Day 158, 7/13/24 Windlass mount build Part 2, chain locker rebuild part1, switching to spare fuel tank
Windlass
Windlass mount part 2
Bring mount back to garage, cut excessive material and sanded to start buildup internal support.
Ready to put interface plate
I have cut 5mm G10 material "interface plate" on my CNC with exact windlass mounting dimensions. Main reason to save time and grantee flat surface under the windlass bottom and lift it a little up to give way to do maintain it without removing it from the deck.
Plate is laminate on thickened epoxy to the top and filled around with epoxy based filler.
Internal side fillets was done and 4 more layers of 1708 glassfiber mat from the bottom side to mounting plates. brown color is from old epoxy hardener which was stored in the metal can. Main leftovers cut with knife as soon as resin kicked enough to keep shape, but soft to cut.
Because part is built from inside to out (without mold) i had to put fairing compound and then sand it to flat in cosmetic sides. Part just covered. I Using epoxy based Totalboat Fairing Compound.
Then sanding again [no picture]
and 2 layers of primer and one layer of Interlux Perfection.
And.... we have almost perfect part, almost ready to install.
Windlass dry fit on finished mount. Looks good.
Finished mount dry fit on the boat.
Chain locker
Increasing capacity of the chain locker.
I am planning yo have 80' of chain + 100-200ft of nylon line. Original locker in very shallow and has no space to get all chain under the windlass without manual tossing it around. And I am lazy guy. I better will spend a week to make deep box and then just make windlass to toss chain there.
Two options.
1) Cut hole in the existing chain locker and build watertight bulkhead and use whole volume as chain locker.
Pros:
- Big - really big locker where i can put a lot of chain ;)
- Keeping chain low in the hull.
- I get "crash" compartment which will be very useful in case of collision and hull penetration in bow area.
Cons:
- No way to self drain. I will need to add additional pump or drain "chain" water to main bilge and use main bilge pump for it.

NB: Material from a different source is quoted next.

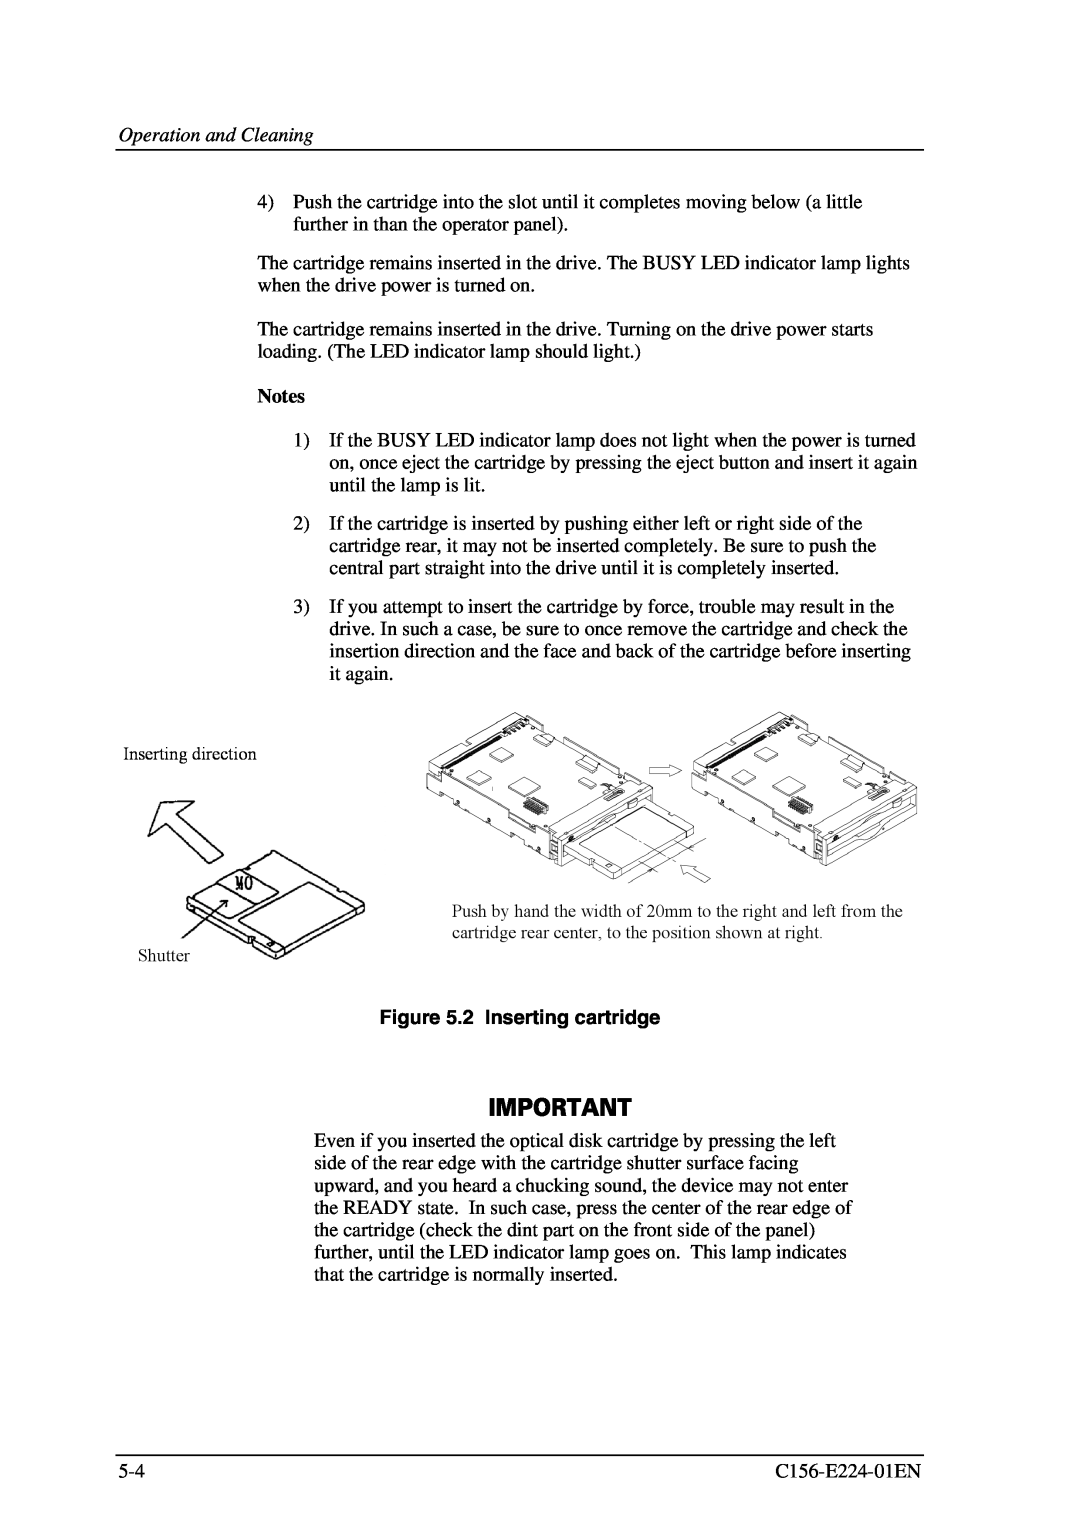 Fujitsu MCJ3230SS manual 2 Inserting cartridge, Inserting direction, Shutter

- Compartment appears really big, a would estimate 30-50 gallons. I am not sure I want to have so big volume which eventually may be filled in seconds with wave crashing on the bow ( a specially if chain locker lid get opened for some reason.

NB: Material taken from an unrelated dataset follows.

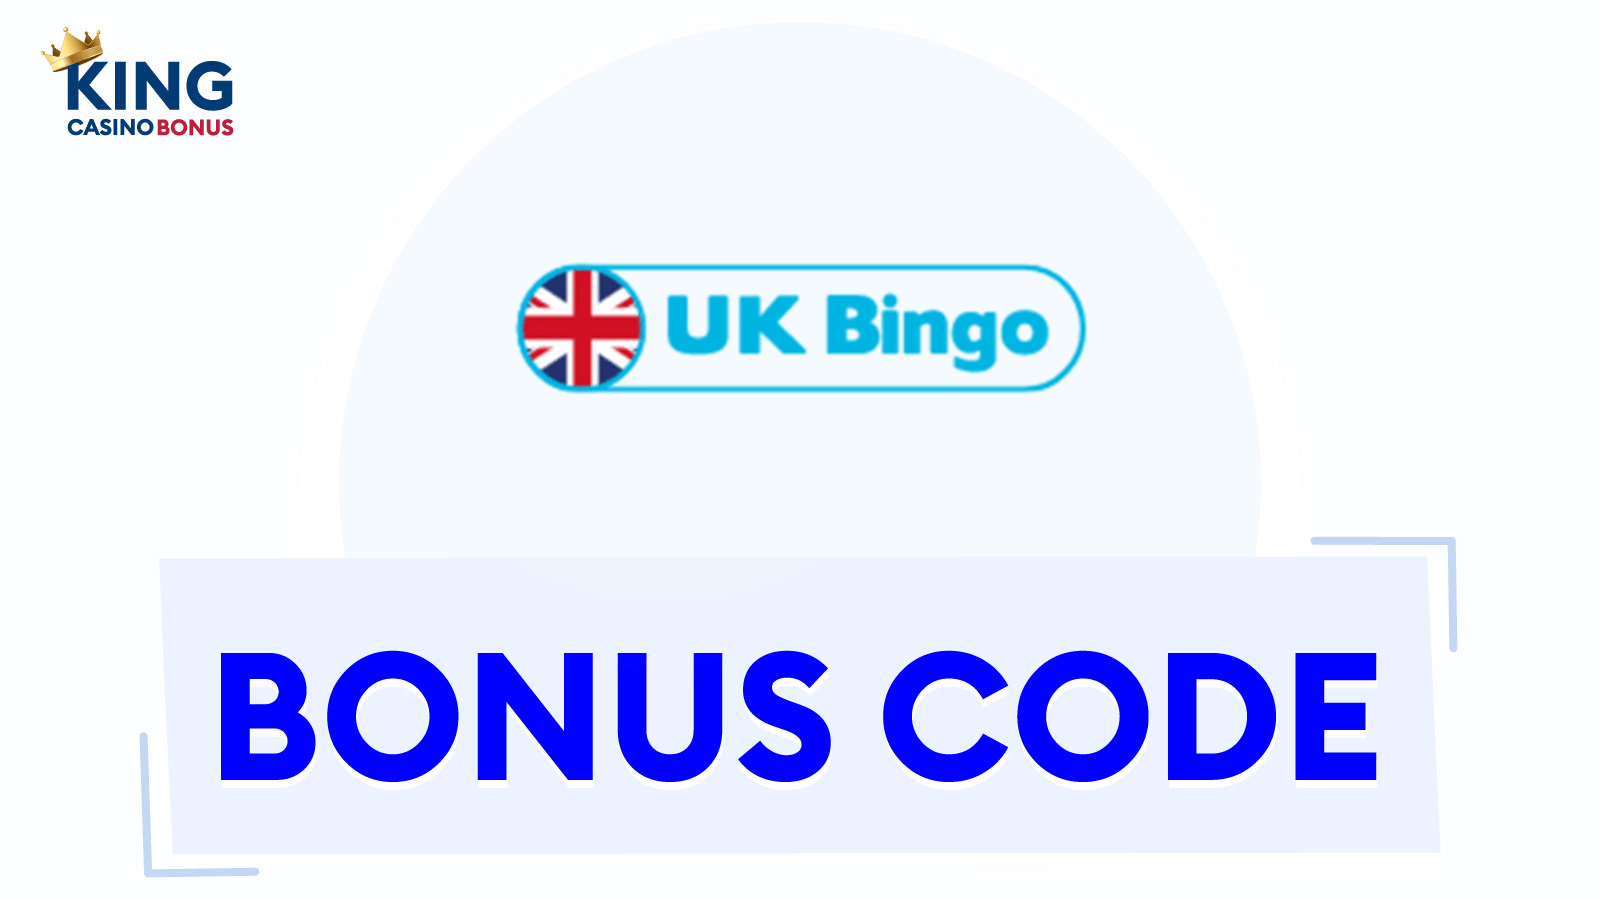 UK Bingo Casino Bonus Codes

- To use the area for chain i would like to reinforce hull sides to provide better impact holding. It means I will need to lay glass hanging almost up side down in confined space. It have to be at least 6-8 mm additional glass, so a lot of glassing.
- Other issue - if I reinforce the area I will make hard spot on the hull and likely may make additional problems.
2) Cut hole and build 6-8 gallons bucket big enough to receive whole chain
Pros:
- Could be made de-touchable to be able to bet better access to bow section
- Smaller volume will not be able to take a lot of water even if filled full with water
- Much more comfortable to build
- Much better internal surface if build on mold
- Hard to measure and build box good fit to place
- Do not compromise hull.
- We may leave v-berth bow door on place
Cons:
- Smaller, can may take less chain.
- Higher gravity center point.
- Still need to be innovative to do drain or close original hole and make new drain thru hull.
Decision
1) Go with second approach, build hanged out of deck self draining chain box.
2) try to do it de-touchable (at least easy to cut out if needed).
3) Go with glassing existing bulkhead to glass existing wood bulkhead to make it watertight up to water level. (door stay on place). Mostly to provide some protection in case of bow collision/penetration.
Original chain locker cut the bottom part.
Build box template
Built an connection template
and removed it
Cut out piece of chain locker bottom.Check depth of the new chain locker.
Building template to cut original chain locker lid
Fuel Tank
B pictures, but about an hour lost in attempts to bleed fuel line from new tank to filter.
Yes, it was crazy, me and my son publed manual pump for a while, but no success to rid of air after thousand pushes. Then we found i broke piece of old pipe between T connector joining injectors return and tank line to lift pump.
So far engine restarted and worked about half an hour with no issues.